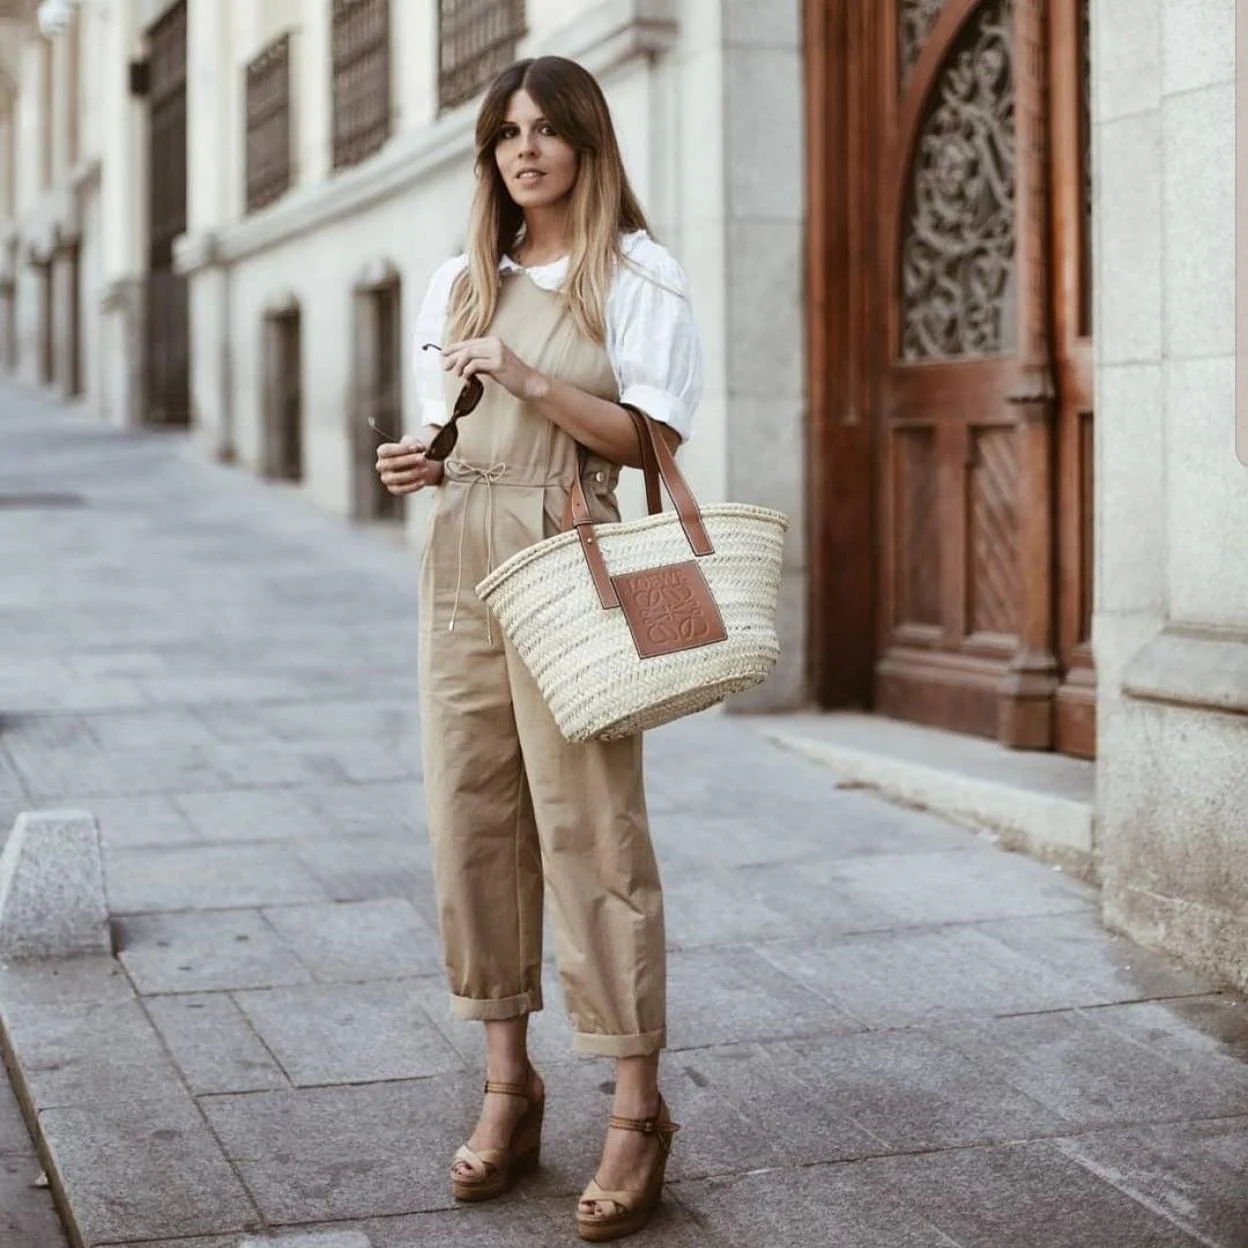 El bolso de rafia de lujo, que está arrasando en Instagram, ahora puede ser tuyo por menos euros. ¡No lo dejes escapar! | Mujer Hoy
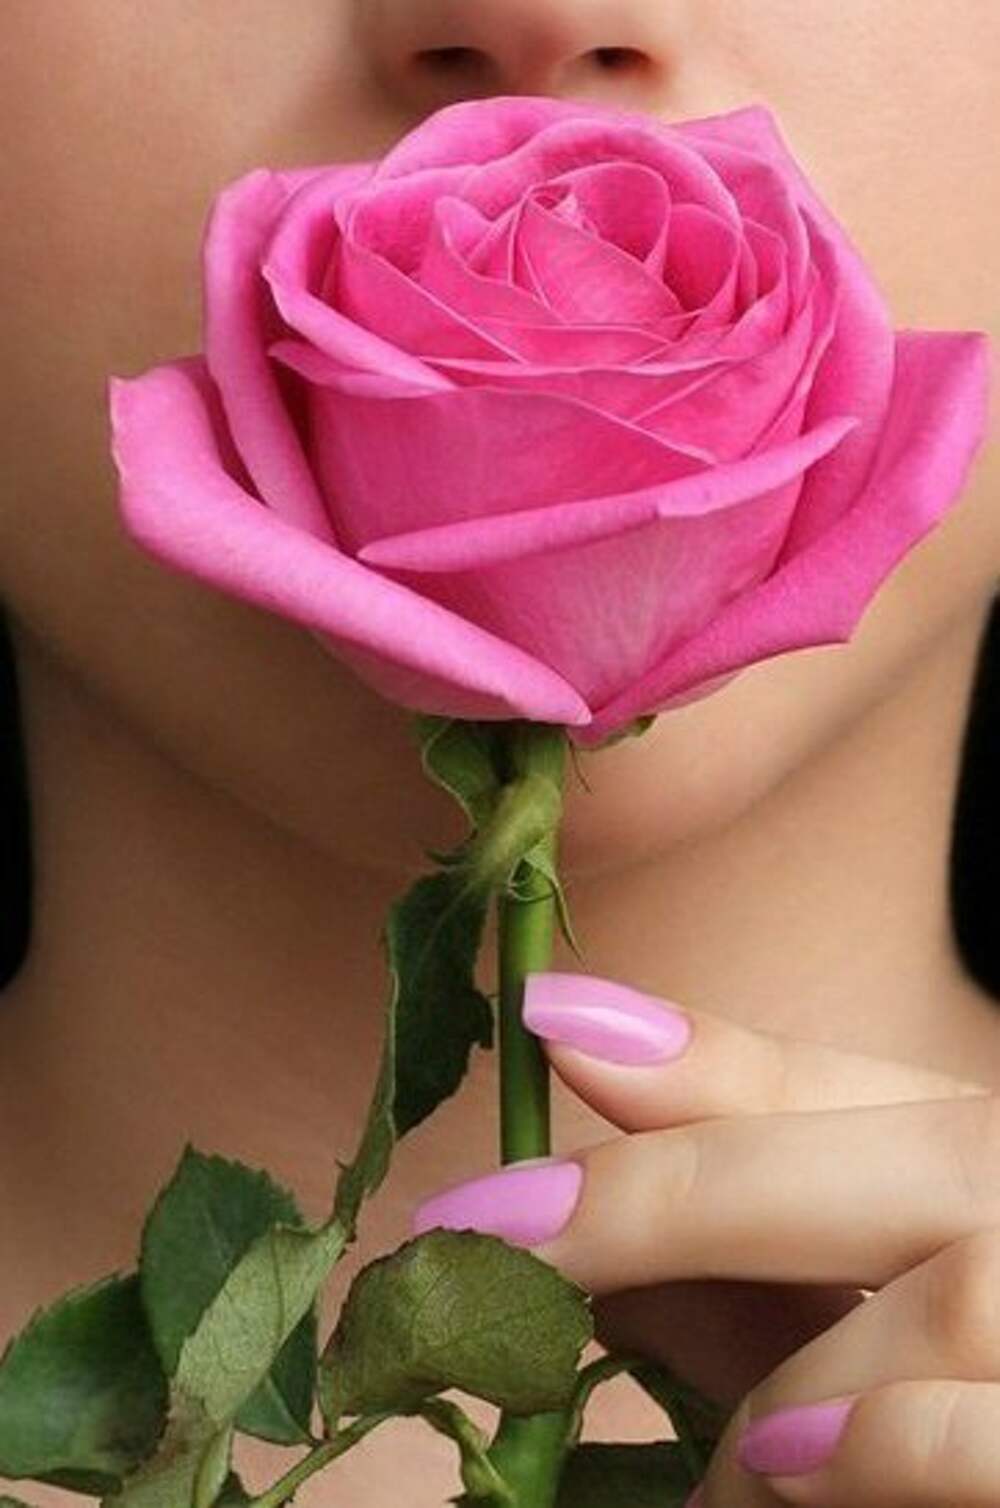 Аватарки цветочки. Фотосессия с розами. Картинки на аватарку для девушек. Девушка с розовыми розами. Цветочки для девушки.
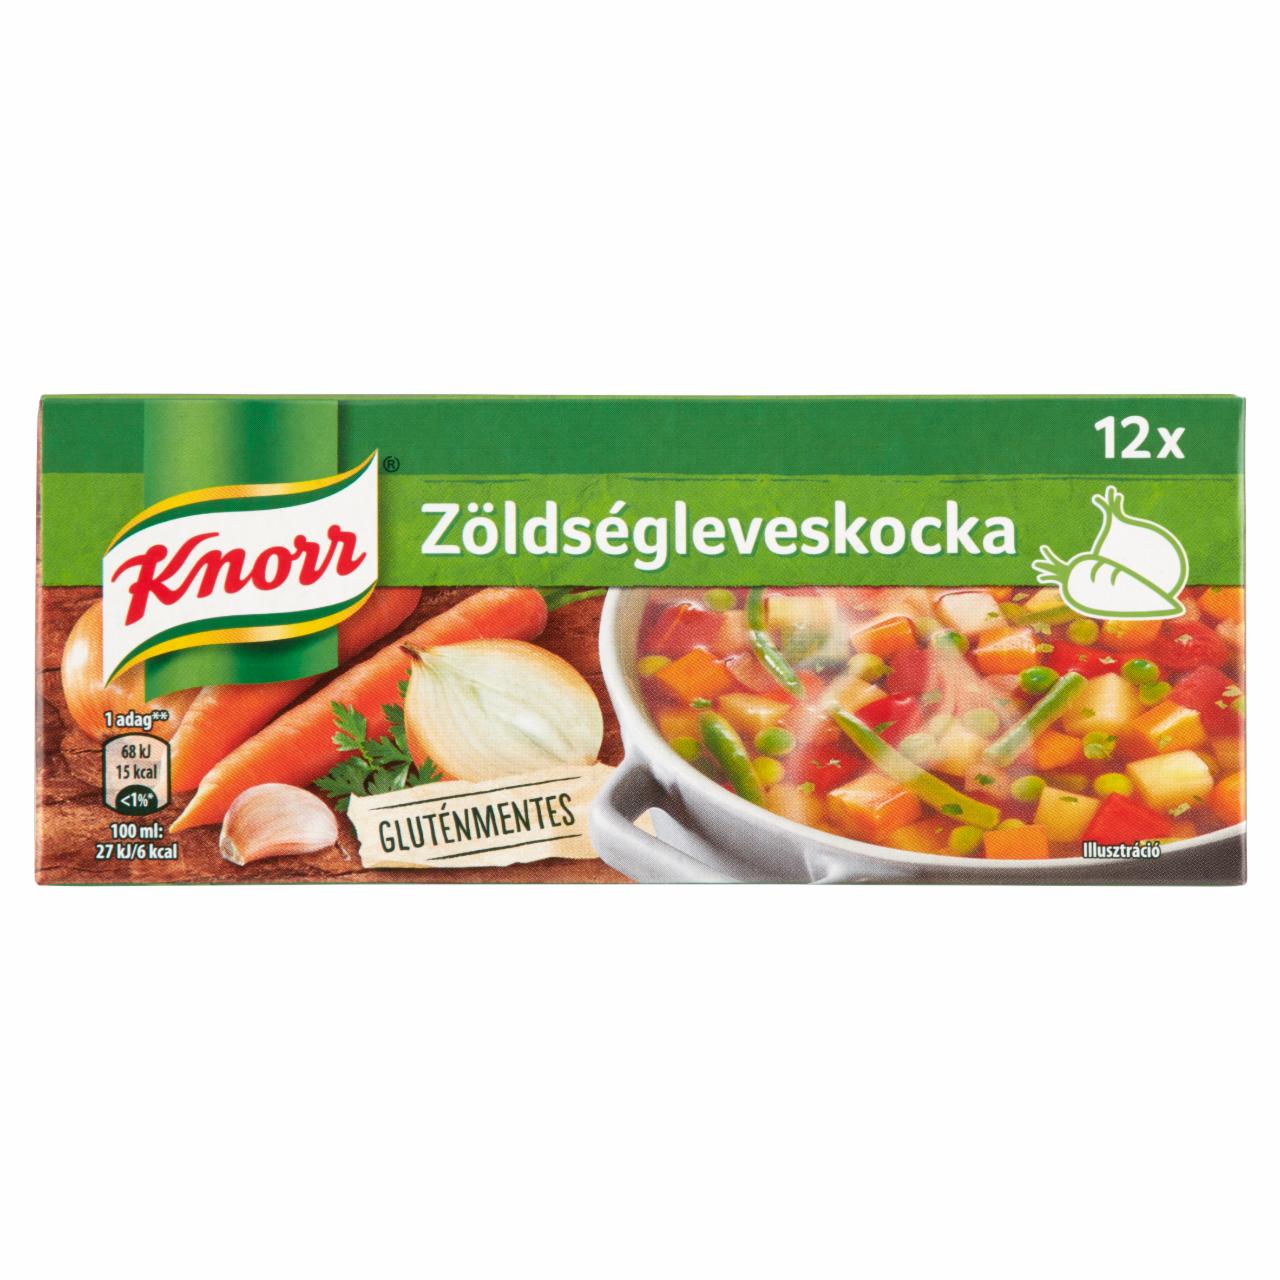 Képek - Knorr zöldségleveskocka 12 x 10 g (120 g)

-- -- --

• [Exercise requirements] Without the pictures, repeat the listing above exactly.

• [Answer space]
 El bolso de rafia de lujo, que está arrasando en Instagram, ahora puede ser tuyo por menos euros. ¡No lo dejes escapar! | Mujer Hoy
 Аватарки цветочки. Фотосессия с розами. Картинки на аватарку для девушек. Девушка с розовыми розами. Цветочки для девушки.
 Képek - Knorr zöldségleveskocka 12 x 10 g (120 g)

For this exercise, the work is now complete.